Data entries

↓↓↓

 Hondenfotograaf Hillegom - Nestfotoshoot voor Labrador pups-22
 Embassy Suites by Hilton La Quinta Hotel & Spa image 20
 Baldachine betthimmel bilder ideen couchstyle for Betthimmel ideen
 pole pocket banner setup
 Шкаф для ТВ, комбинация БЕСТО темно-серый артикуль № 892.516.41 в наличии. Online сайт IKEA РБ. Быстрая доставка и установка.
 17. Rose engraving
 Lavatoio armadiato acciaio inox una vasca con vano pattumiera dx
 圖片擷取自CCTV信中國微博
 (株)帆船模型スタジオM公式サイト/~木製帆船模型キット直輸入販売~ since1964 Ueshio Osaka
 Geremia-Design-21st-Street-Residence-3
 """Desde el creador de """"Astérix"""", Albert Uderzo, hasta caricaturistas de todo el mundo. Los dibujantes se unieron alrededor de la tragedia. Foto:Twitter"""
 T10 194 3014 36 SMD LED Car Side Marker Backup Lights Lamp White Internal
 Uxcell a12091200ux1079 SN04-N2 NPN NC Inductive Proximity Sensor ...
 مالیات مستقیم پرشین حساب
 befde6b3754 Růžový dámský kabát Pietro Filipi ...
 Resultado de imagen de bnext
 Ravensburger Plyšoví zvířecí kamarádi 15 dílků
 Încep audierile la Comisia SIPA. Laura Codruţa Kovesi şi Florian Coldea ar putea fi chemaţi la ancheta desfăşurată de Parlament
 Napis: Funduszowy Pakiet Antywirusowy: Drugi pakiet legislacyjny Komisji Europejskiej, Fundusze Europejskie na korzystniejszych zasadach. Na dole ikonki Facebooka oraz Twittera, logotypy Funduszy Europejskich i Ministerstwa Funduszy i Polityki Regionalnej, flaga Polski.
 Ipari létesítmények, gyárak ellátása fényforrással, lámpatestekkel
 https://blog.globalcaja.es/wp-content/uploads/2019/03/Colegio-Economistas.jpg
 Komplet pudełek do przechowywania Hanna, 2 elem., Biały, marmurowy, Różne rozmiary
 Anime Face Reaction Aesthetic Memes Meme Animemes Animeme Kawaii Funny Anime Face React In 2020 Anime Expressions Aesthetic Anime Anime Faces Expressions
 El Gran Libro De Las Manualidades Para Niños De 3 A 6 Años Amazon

↑↑↑

*What you should do*
Please copy the line that contains "Napis: Funduszowy Pakiet" and each line after it through the end of the records, exactly, and no other lines.

*Answer space*
 Napis: Funduszowy Pakiet Antywirusowy: Drugi pakiet legislacyjny Komisji Europejskiej, Fundusze Europejskie na korzystniejszych zasadach. Na dole ikonki Facebooka oraz Twittera, logotypy Funduszy Europejskich i Ministerstwa Funduszy i Polityki Regionalnej, flaga Polski.
 Ipari létesítmények, gyárak ellátása fényforrással, lámpatestekkel
 https://blog.globalcaja.es/wp-content/uploads/2019/03/Colegio-Economistas.jpg
 Komplet pudełek do przechowywania Hanna, 2 elem., Biały, marmurowy, Różne rozmiary
 Anime Face Reaction Aesthetic Memes Meme Animemes Animeme Kawaii Funny Anime Face React In 2020 Anime Expressions Aesthetic Anime Anime Faces Expressions
 El Gran Libro De Las Manualidades Para Niños De 3 A 6 Años Amazon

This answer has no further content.